Robust debate is allowed, but it must remain polite and respectful at all times. Stick to the facts and argue the points discussed, rather than criticise the poster."
And somewhat lower-key, but still lacking respect IMHO, they pretend to knowledge about the adherents that they quite simply cannot possibly know. For example, they pretend to know that the adherents haven't considered the risks of the HYP strategy: all they actually know is that
either the adherents have failed to consider the risks
or the adherents have considered them, assessed how big they are and decided that they are small enough to be acceptable.
As for the question asked in the subject, my answer is basically that although I do assess the risks I am taking, I do
NOT want to be assessing those risks all the time: I have plenty of other things I want to do with my life! The board split on TMF back in the spring/early summer of 2008 was designed to give people a refuge from the habit that had developed on the original HYP board since the autumn of 2007 of diverting almost every discussion into an "are HYP strategies good or bad?" debate. The original HYP board became High Yield Shares & Strategies to avoid interrupting any such debates that were in progress at the time, and HYP Practical was created with a topic that explicitly excluded such debates (**). In principle, that meant that I and others like me could choose when I wanted to re-assess HYP strategies and their risks and when I didn't by choosing whether to read both boards or just HYP Practical. In practice, that worked quite well for a few months, but then the anti-HYP advocacy and anti-HYPer disrespect from opponents started creeping back into HYP Practical, and unfortunately was too often met with pro-HYP advocacy or simple indifference, both of which the opponents seem to have taken as encouraging them to take it further. Every now and then, they take it a bit further than that and things blow up, often with people on
both sides becoming a bit emotional about it. Then moderators crack down on the anti-HYP advocacy and anti-HYPer disrespect, and the problem looks to be sufficiently well resolved, so they relax things again - and the anti-HYP advocacy and anti-HYPer disrespect start creeping back again - and so the loop continues...
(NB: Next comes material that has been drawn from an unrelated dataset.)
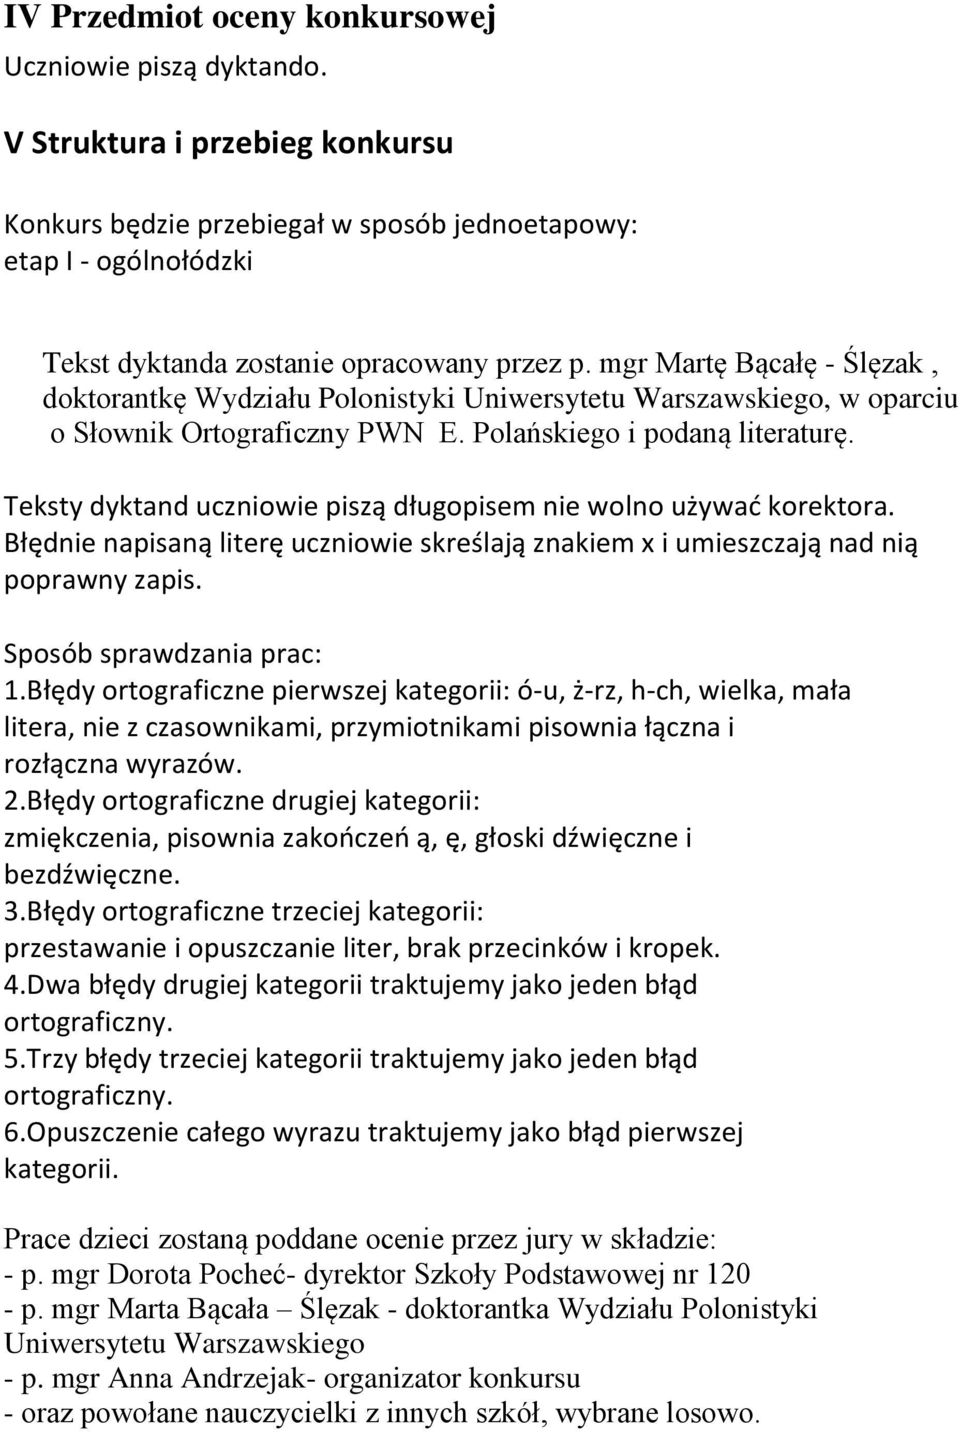 mgr Martę Bącałę - Ślęzak, doktorantkę Wydziału Polonistyki Uniwersytetu Warszawskiego, w oparciu o Słownik Ortograficzny PWN E. Polańskiego i podaną literaturę.

Frankly, the only way I see of breaking out of that loop is for the moderators to become a lot tougher with persistent offenders -
both those who needle HYPers by posting anti-HYP advocacy and anti-HYPer disrespect on HYP Practical
and those who reply with pro-HYP advocacy and anti-HYP-opponent disrespect there. Things like escalating up to a month-long ban from the board, with a warning that if the offender doesn't learn their lesson permanently and instead allows themselves to creep back into the offending type of posting after 'serving their time', next time the ban will be for life - and doing exactly that if the warning is ignored.
Note I'm
not saying that the moderators should do that, nor indeed that they shouldn't - just that if they don't, I see little hope of the loop being broken out of. I.e. for the admins and moderators, it's a question of whether that sort of rather draconian cure is better or worse than the disease of letting the loop continue, with its resulting drain on moderator time...
(*) This is a bit more work, but not much - and it does make a contribution to TLF in the form of saving the moderators unnecessary work. To do it, prepare a reply as usual, then rather than submitting it, copy it, shift to High Yield Shares & Strategies, press "Post New", paste the copy into the input box, choose and enter an appropriate title for the new thread (the original thread's title is often not very appropriate!) and submit. Or to be a bit more helpful to other users, add "From <link to original thread>:" at the top of the new post before submitting to make it easier to find what you're replying to, and post a brief reply on HYP Practical saying just "I have replied on <link to new post>." so that people know you have replied and can easily find your reply if they want to.
(**) To be precise, IIRC the exact TMF board names were "High Yield - Share Strategies" and "High Yield - HYP Practical", but I don't think that makes any real difference!